### [TASK ITEM]
From the first line to the last, give the material again exactly, without the images.

### [MATERIAL FOR THIS EXERCISE]
-- Opening Marker --

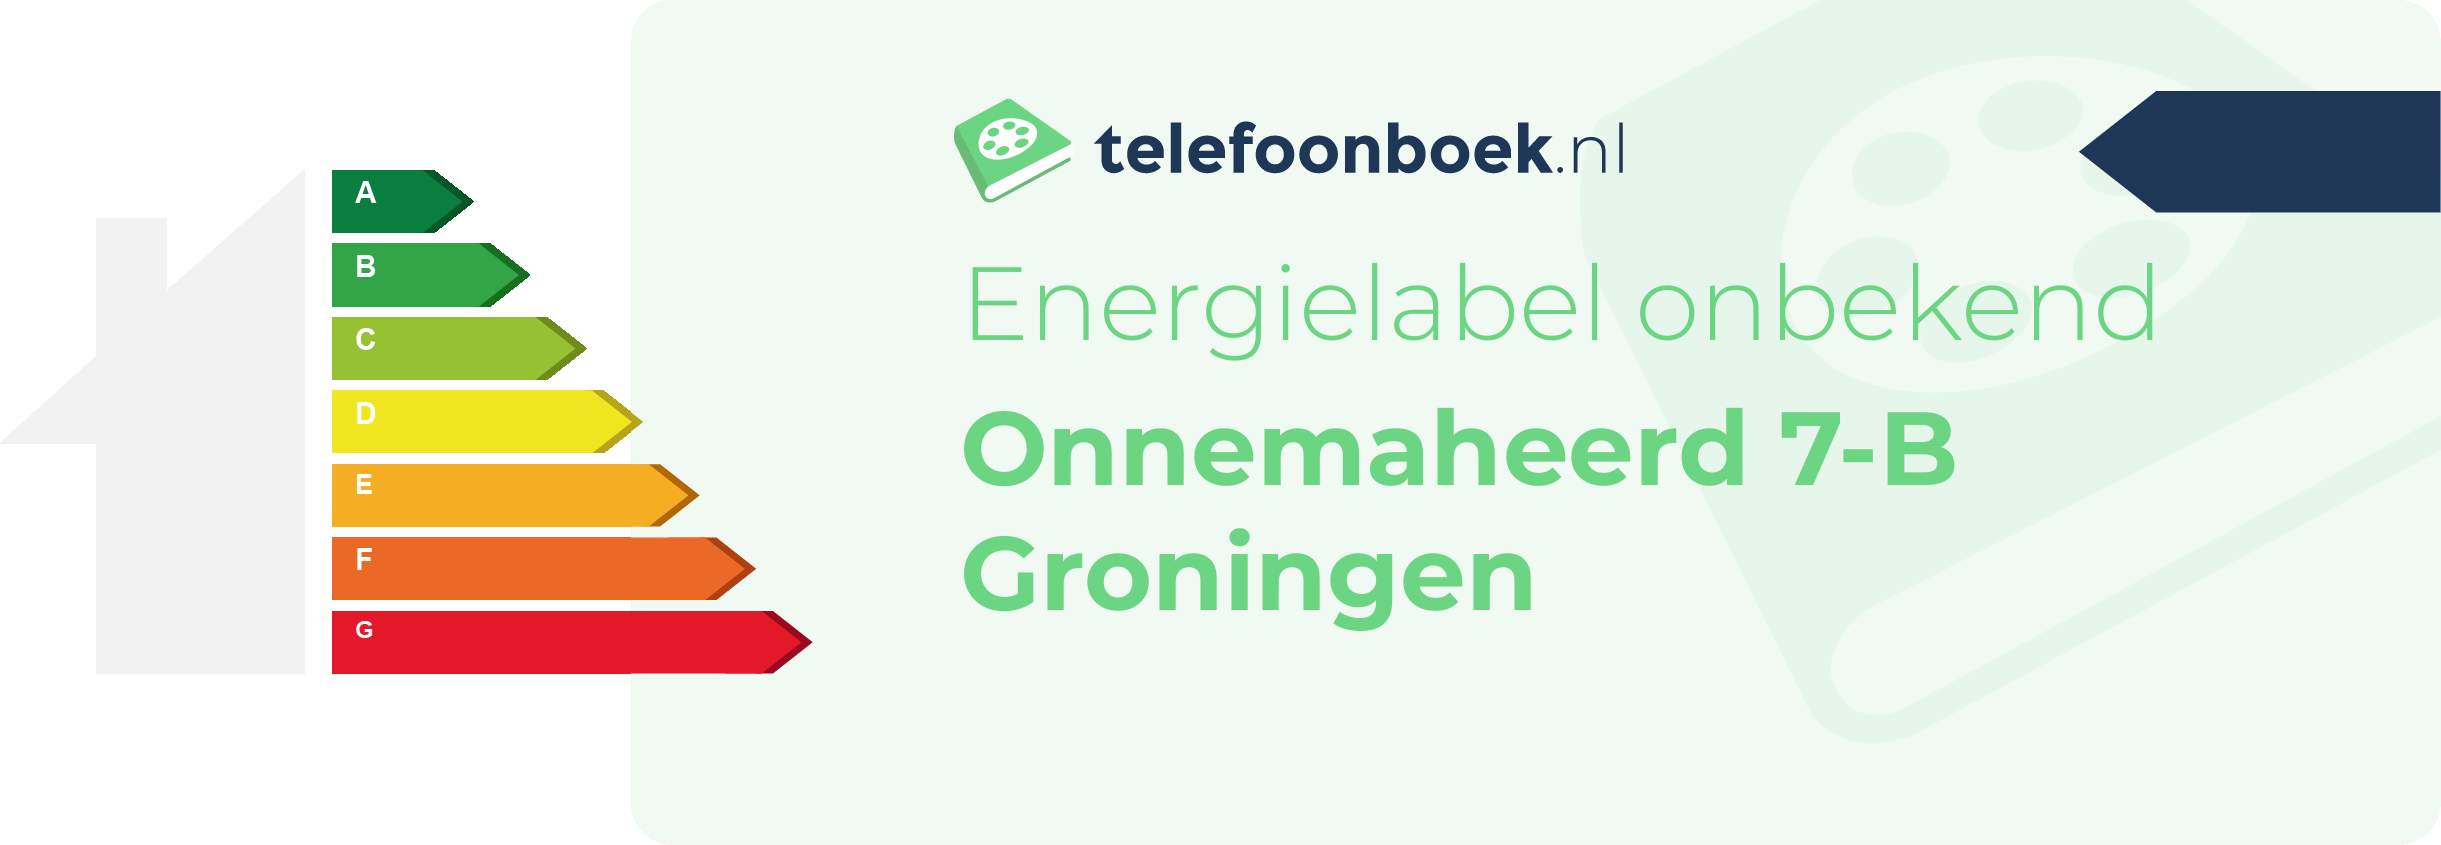 Energielabel Onnemaheerd 7-B Groningen
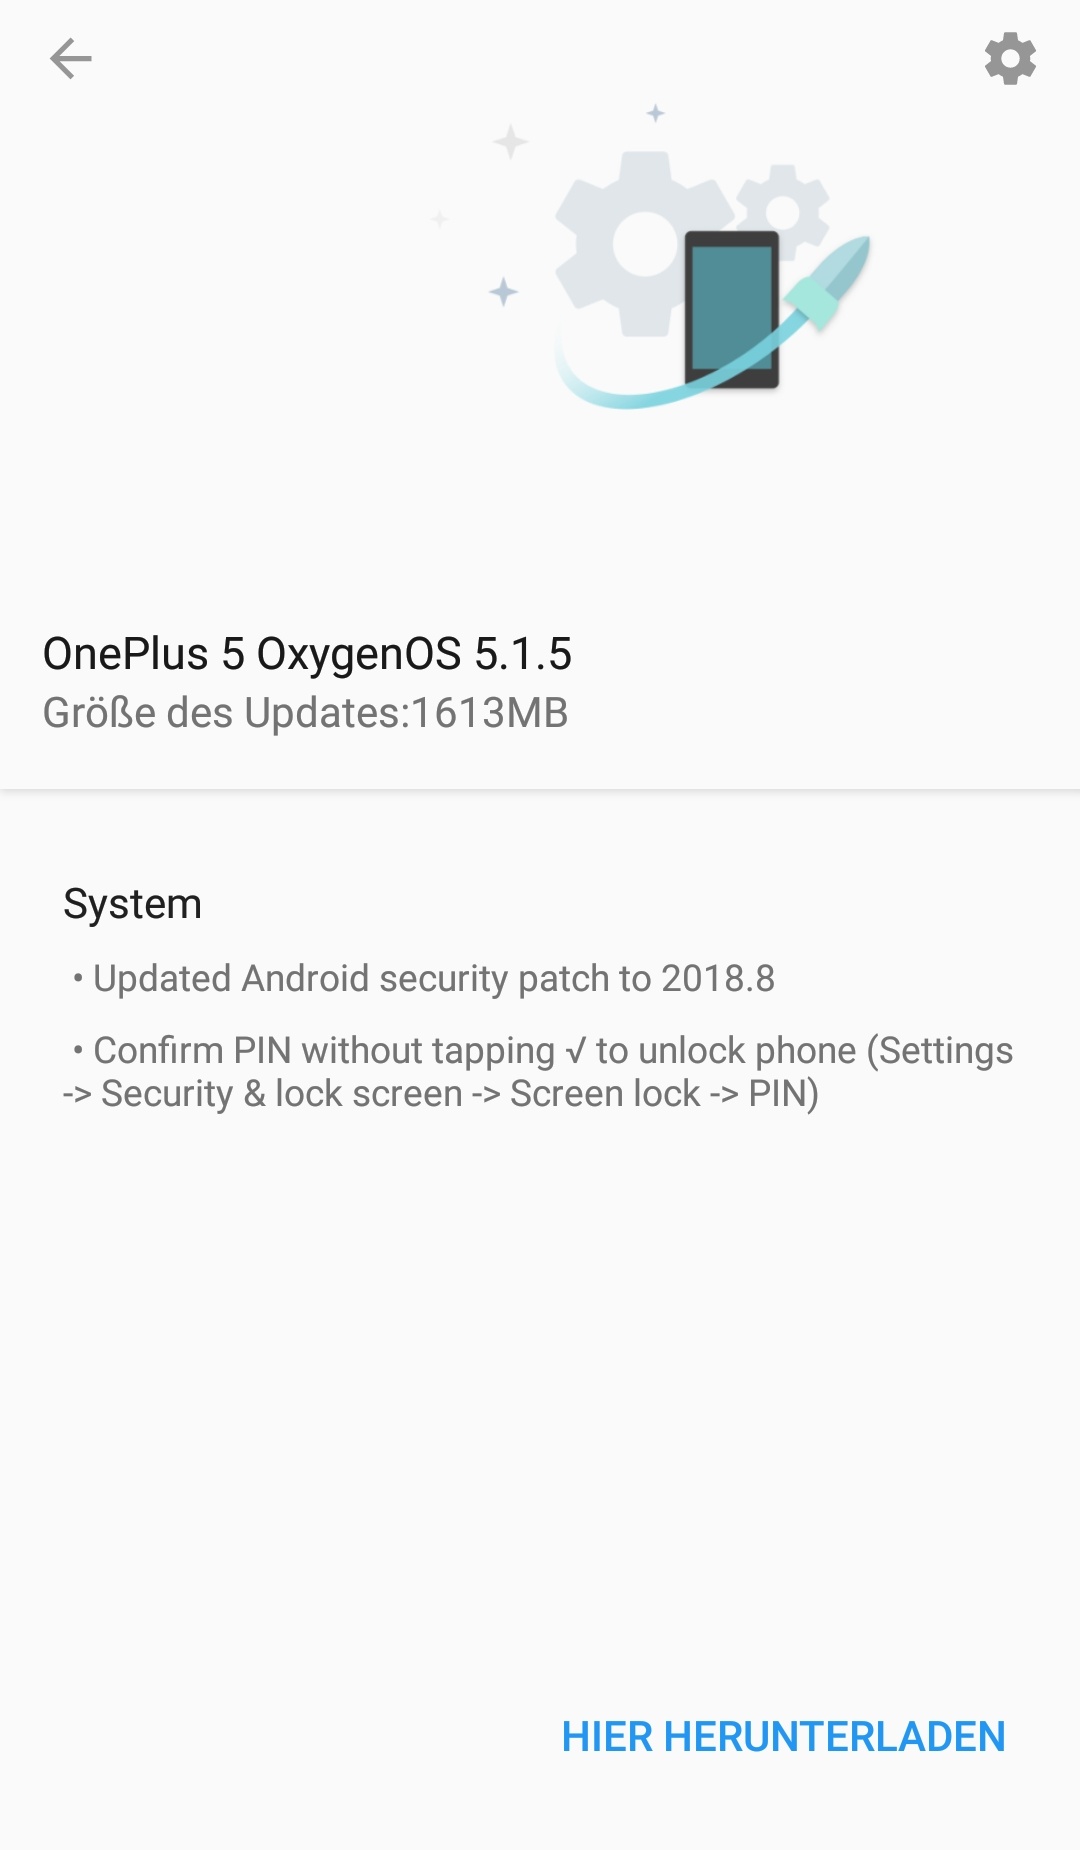 Oneplus 5 - OxygenOS 5.1.5
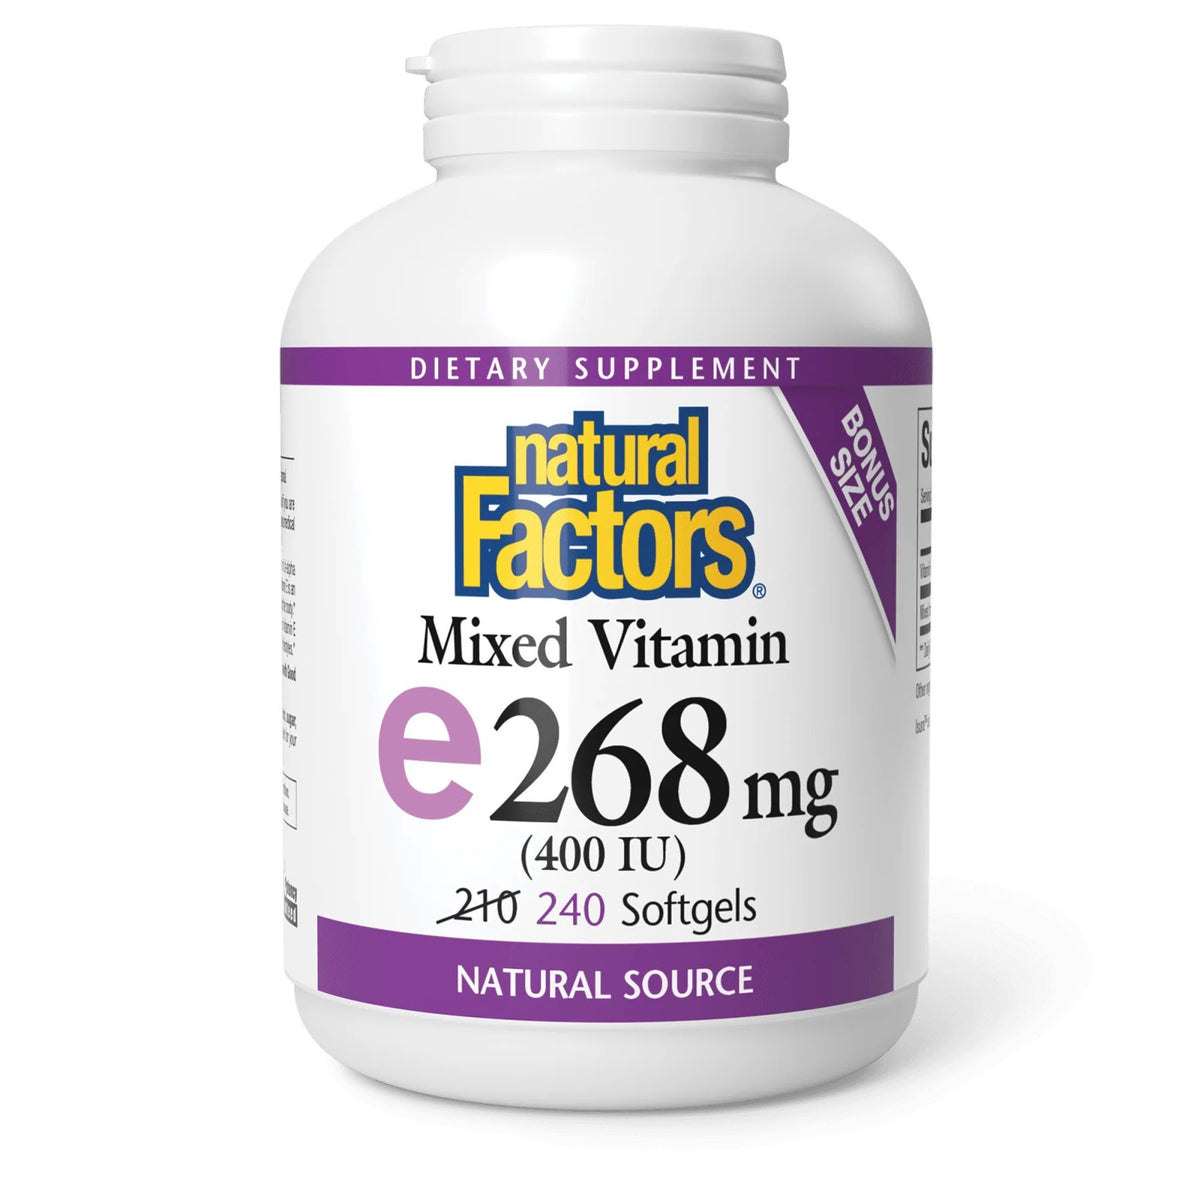 Natural Factors Mixed Vitamin E 268 mg (400 IU) 240 Softgel
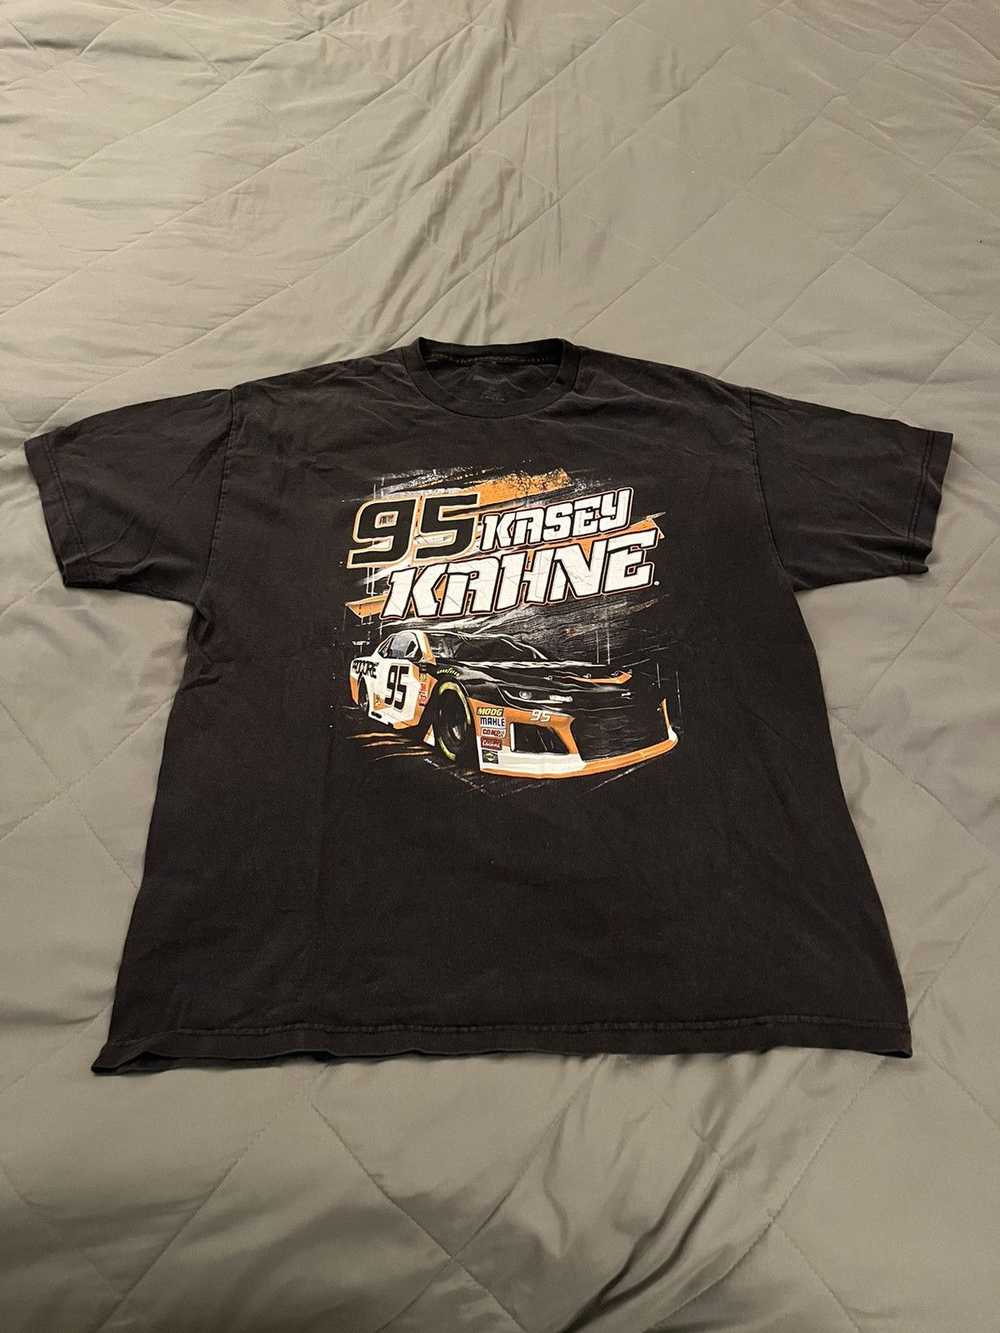 NASCAR × Streetwear NASCAR racing shirt - image 1
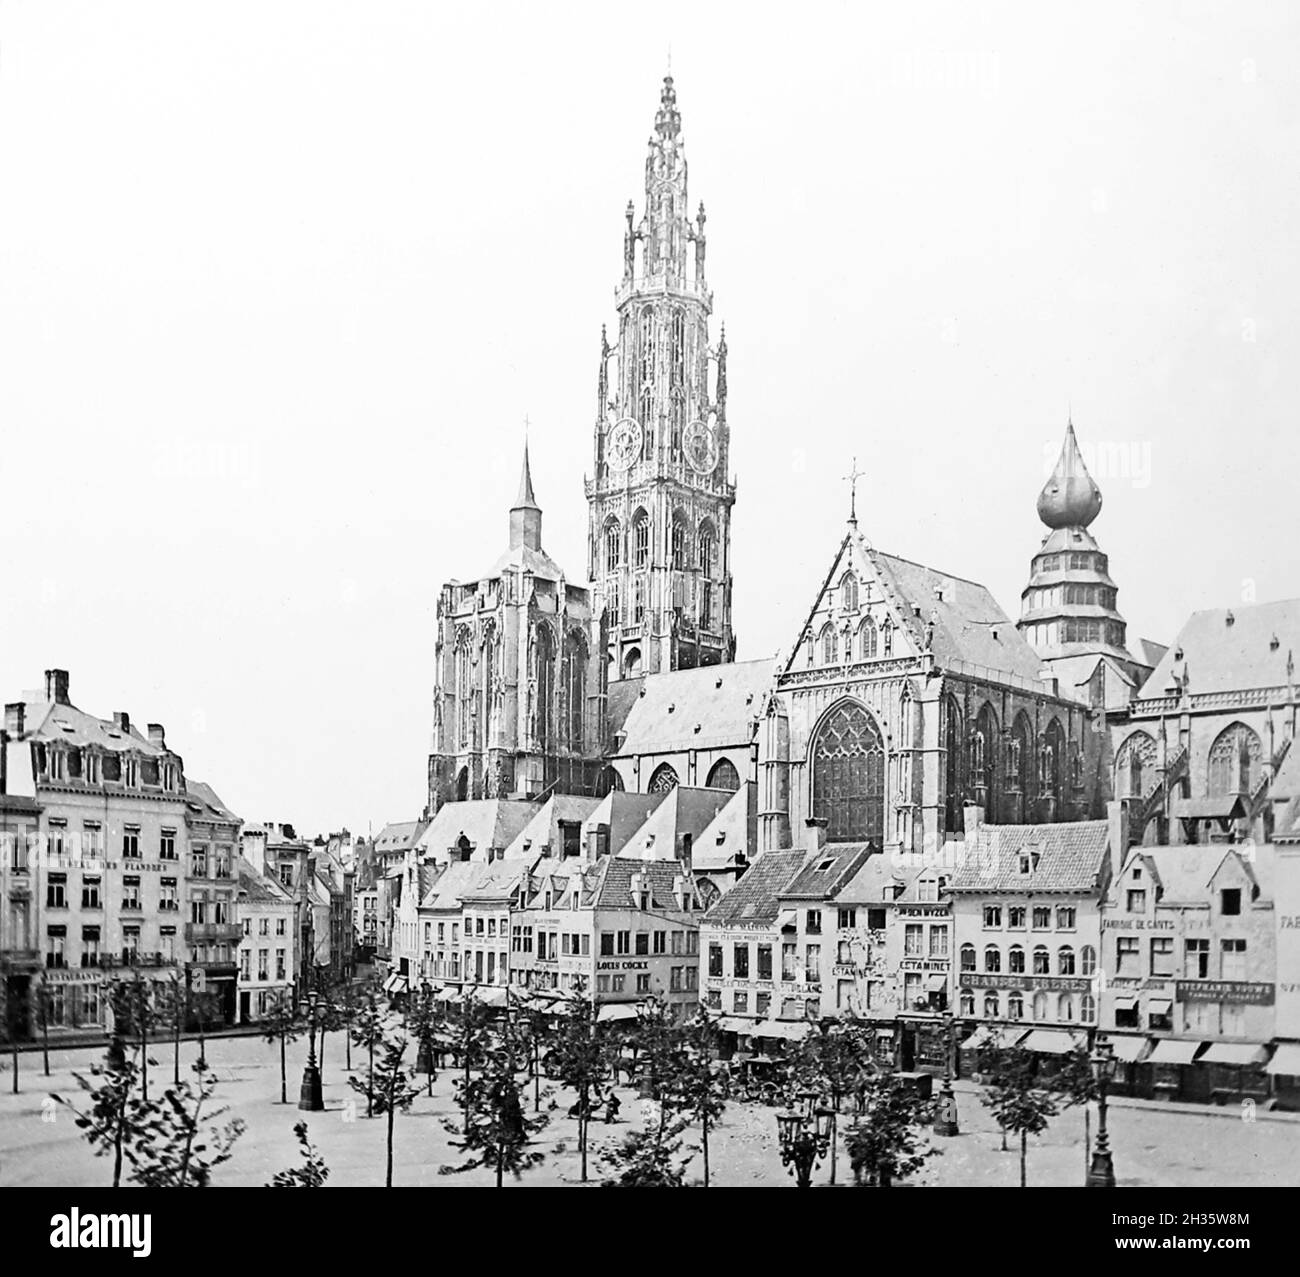 Cathédrale d'Anvers, époque victorienne Banque D'Images

-- Closing Marker --

### [EXERCISE RESULT]
 Energielabel Onnemaheerd 7-B Groningen
 Oneplus 5 - OxygenOS 5.1.5
 Natural Factors Mixed Vitamin E 268 mg (400 IU) 240 Softgel
 NASCAR × Streetwear NASCAR racing shirt - image 1
 Cathédrale d'Anvers, époque victorienne Banque D'Images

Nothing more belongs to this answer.